Wire surrounded by a linear dielectric in a uniform E field

[physicsisfun0]

Homework Statement

We have an uncharged, conducting wire with radius a. We surround it by a linear dielectric material, ε_r, which goes out to radius b. We place this in an external electric field, E_o.

Homework Equations

We have electric potential inside (a < s < b)
V_inbetween=Acosφ + (B/s)cosφ
and outside (s > b)
V_outside=-E_oscosφ + (D/s) cosφ

Our boundary conditions are:
V_inbetween=V_outside
ε_rE_sin=ε_rE_sout
when s = a, V = 0
when s = b, V = -E_oscosφ

The Attempt at a Solution

I have solved for the constant and got:
A = - B/a²
B = (-E_ob² + D)/(b²(a^-2 + a^-2)
D = -((ε_rb²E_o + ε_rBE_o + (E_o/a²) + (E_o/a²))b)/(b(a^-2 + b^-2 - ε_r + ε_rb)

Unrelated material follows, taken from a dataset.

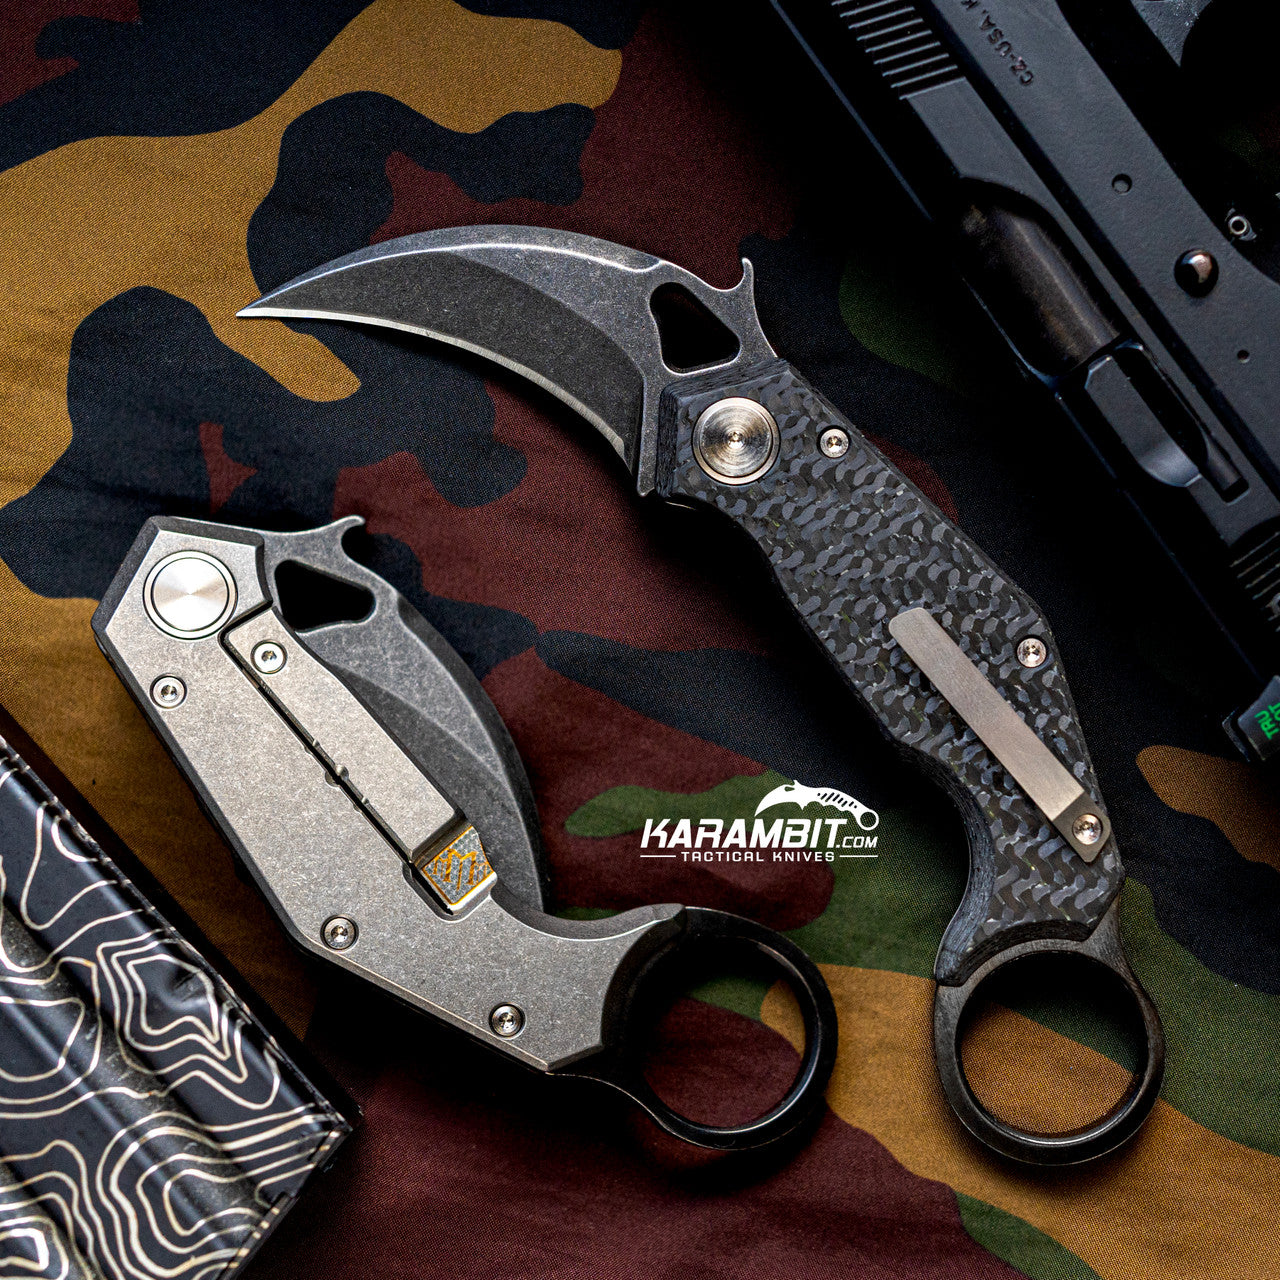  Tactical Knife for Men - Black Pocket Knife - Best

Is this correct? Once I know these, I can find electric potential and electric field. From there, how would I go about solving for surface density on the dielectric of a bound and free charge, when s=a and s=b.

 

[kuruman]

It is not clear that you have applied the boundary conditions correctly. Presumably there is vacuum for s > b therefore there ought to be terms with ε₀ coming from the continuity of the normal component of $\vec D$ across the boundary, $$\epsilon_r \frac{\partial V_I}{\partial s}=\epsilon_0 \frac{\partial V_{II}}{\partial s}$$ Also the sum in the expression for coefficient D (Eo/a²))b)/(b(a^-2 + b^-2 - ε_r + ε_rb[/color]) is dimensionally inconsistent.